Among the subpopulations, proinflammatory monocytes demonstrated the greatest gene expression changes in the acute stage of VKH disease, suggesting that phenotypic alterations of this subpopulation may be related to VKH disease development.


 
Fig. 3. Mapping monocyte atlas of VKH patients compared with the healthy controls.

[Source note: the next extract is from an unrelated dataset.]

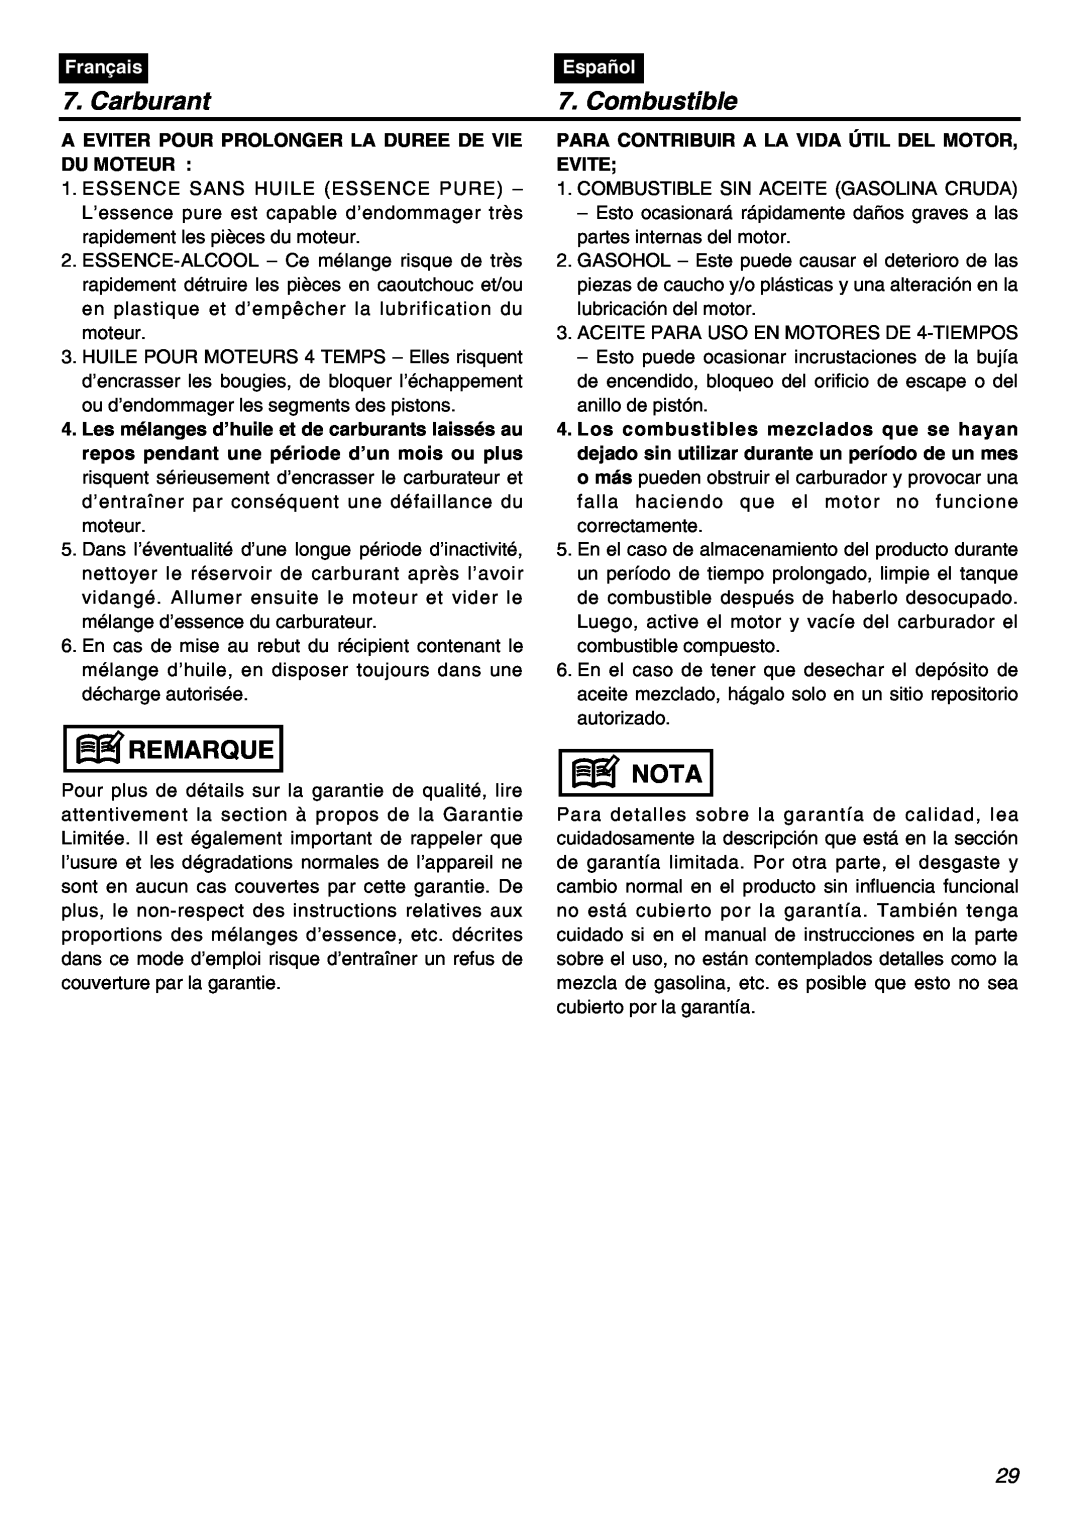 Zenoah EBZ7100-CA, EBZ7100RH-CA manual Carburant, Combustible, Remarque, Nota, Français, Español

Although clinical measures can monitor disease activity and treatment response, such as fluorescein fundus angiography (FFA) and optical coherence tomography (OCT), these assessments yield little information on pathogenic processes, immune status, or the mechanisms underlying treatment responses. To identify a blood-based index of VKH disease, they examined IFN-stimulated gene 15 (ISG15), which specifically highly expressed in the proinflammatory monocytes, and found that ISG15 expression was up-regulated predominantly in the monocyte from VKH patients and the level of ISG15 in VKH patients was normal after 3 mouths treatment, suggested production of ISG15 might monitor disease activity and therapeutic response.

 
Fig 4. The production of ISG15 in VKH patients was reduced after immunosuppressive therapy.

Dr. Youjin Hu, Ph.D. student Yixin Hu and M.S. student Yuhua Xiao are the first authors. Dr. Wei Chi is the corresponding author. This work was supported by the National Key R&D Program of China, the National Natural Science Foundation of China, and grants from the Science and Technology Program of Guangzhou.